Re: Portable record length



On Thu, 10 Aug 2006 07:50:59 -0700, Ron Shepard wrote
(in article
<ron-shepard-2B808B.09505910082006@xxxxxxxxxxxxxxxxxxxxxxxx>):

In the future if you want to write portable files (portable across
languages on the same machine, or across different machines in
general), then you should use formatted data files only.

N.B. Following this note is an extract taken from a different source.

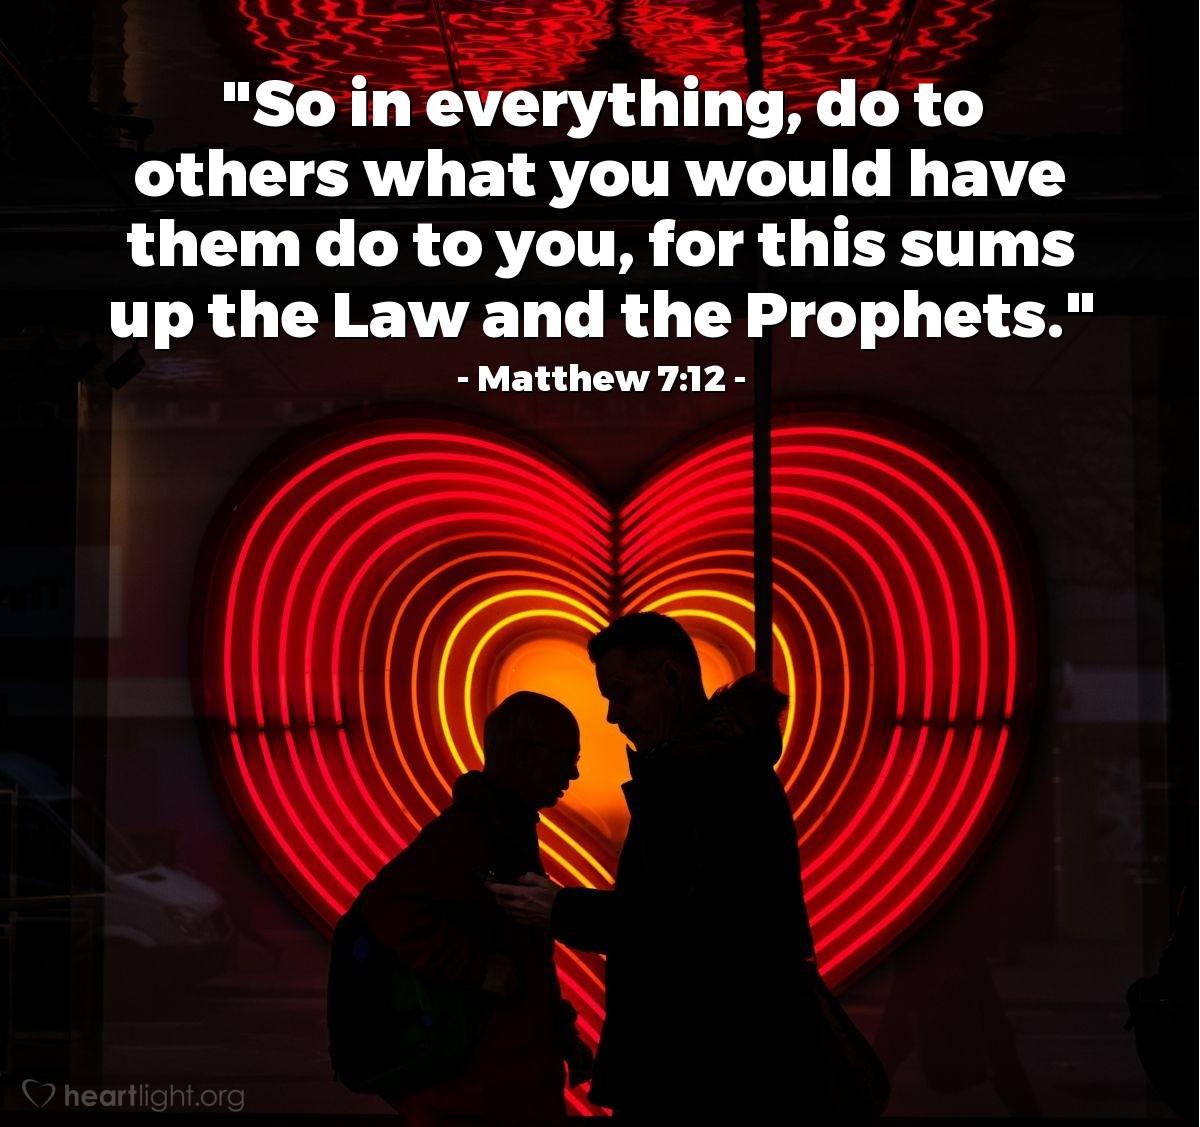 Inspirational illustration of Matthew 7:12

Since I do this kind of thing a *LOT*, I have to disagree with this
advice as being overly generalized. In recent years, I've probably
spent more time with data file matters like this than with crunching
numbers, so this is a very familiar issue to me. I was the one who
formally proposed stream I/O in f2003 (though I got lots of support). I
also tried to squeeze a storage_size intrinsic in for related reasons,
but I didn't make it for that one (looks like it will likely be in
f2003+x).

The "use formatted" advice is fine for some simple things, but it does
not apply in many cases. For example.

1. You might not have the choice of file format. Someone else specified
the format, possibly long ago, and you are using it. It might even be a
"standard" format. This sounds like the OP's situation.
2. Formatted I/O can be an incredibly bad choice for "large" files. The
exact criteria for "large" varies. Formatted files are, in general,
larger and far slower to process than unformatted ones. Long ago
(multiple decades), I used the philosophy of sticking to formatted for
files transferred between machines. It generated lots of complaints
from users. For example, there were the cases where the formatted file
was too large for the storage medium used for transfer, or even too
large for the temporary storage available on the machine. Even when the
files fit, there were complaints about how long the process took.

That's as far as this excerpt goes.